LCG originally filed suit against the general contractor for the project, RMD
Holdings, Ltd., and its insurer, Amerisure Mutual Insurance Company. LCG filed
an amended petition adding an additional thirty-seven defendants, primarily
subcontractors and suppliers for the project. LCG also named DOTD as a
defendant. The amended petition alleges all the defendants are jointly and
solidarily liable for the damages to the roads.
DOTD filed an exception of no cause of action. Following a hearing, the
trial court sustained the exception of no cause of action without issuing any
reasons. LCG appealed. Because the original judgment lacked decretal language,
this court issued a rule to show cause why the appeal should not be dismissed. The
trial court subsequently signed a judgment dismissing all claims against DOTD
with prejudice, and this court recalled its rule to show cause. ASSIGNMENTS OF ERROR
LCG asserts two assignments of error:
1. The District Court erred in sustaining DOTD’s Exception of No Cause of Action because DOTD failed to meet its burden of proving its Exception of No Cause of Action.

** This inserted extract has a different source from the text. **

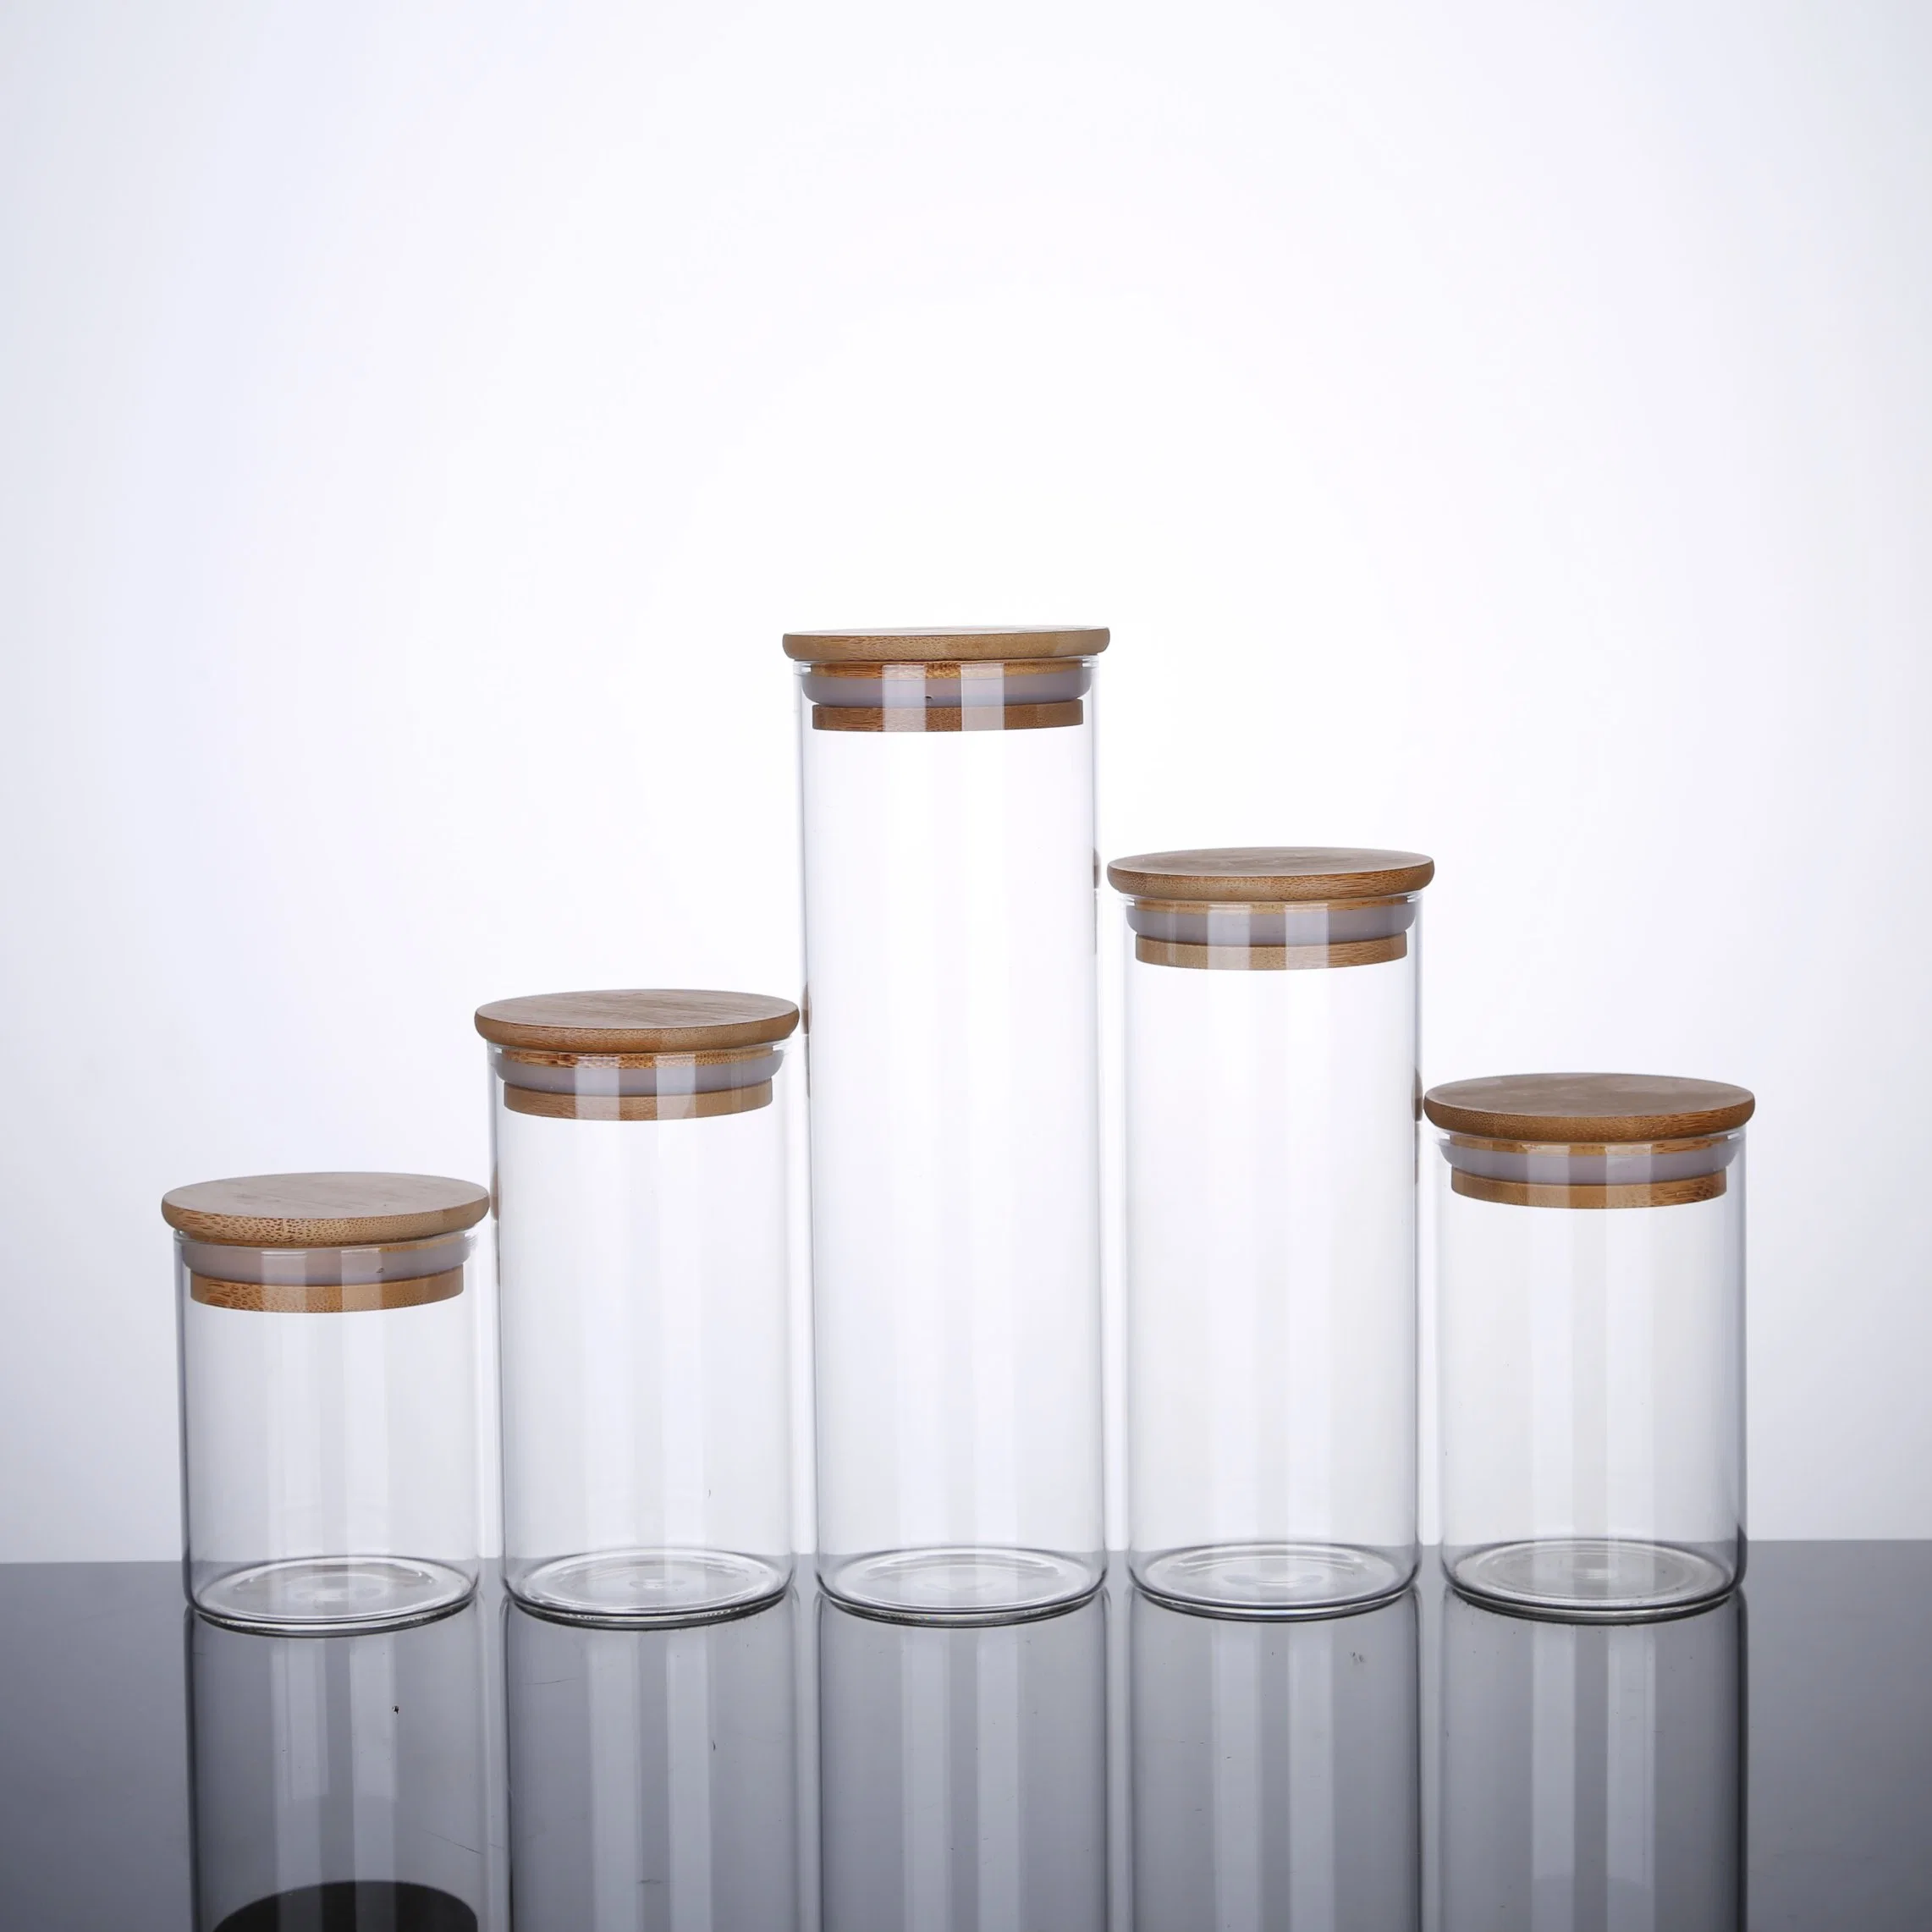 Venda de frascos de recipientes Spice com conjunto de copo de vidro para armazenamento em cozinha borossilicato Com tampa de bambu

2. The District Court erred in failing to permit Lafayette to amend its Amended Petition to sufficiently state a cause of action against DOTD.
DISCUSSION
In City of New Orleans v. Board of Directors of Louisiana State Museum,
98-1170, pp. 9-10 (La. 3/2/99), 739 So.2d 748, 755-56, the supreme court set forth
the purpose of a peremptory exception of no cause of action:
The purpose of the peremptory exception of no cause of action is to determine the sufficiency in law of the petition. The burden of showing that the plaintiff has stated no cause of action is upon the exceptor. The public policy behind the burden is to afford the party his day in court to present his evidence. Jarrell v. Carter, 577 So.2d 120 La.App. 1 Cir.), writ denied, 582 So.2d 1311 (La.1991). The exception is triable on the face of the papers, and for the purpose of determining the issues raised by the exception, the court must presume that all well-pleaded facts in the petition are true. All reasonable inferences are made in favor of the nonmoving party in determining whether the law affords any remedy to the plaintiff. LA.CODE CIV.P. arts. 927, 931; Mayer v. Valentine Sugars, Inc., 444 So.2d 618 (La.1984). A court of appeal reviews de novo a lower court’s ruling sustaining an exception of no cause of action because the exception raises a question of law and because the lower court's decision is generally based only on the sufficiency of the petition. Mott v. River Parish Maintenance, Inc., 432 So.2d 827 (La.1983). The question is whether, in the light most favorable to the plaintiff, the petition states any valid cause of action for relief. Jarrell, 577 So.2d at 120.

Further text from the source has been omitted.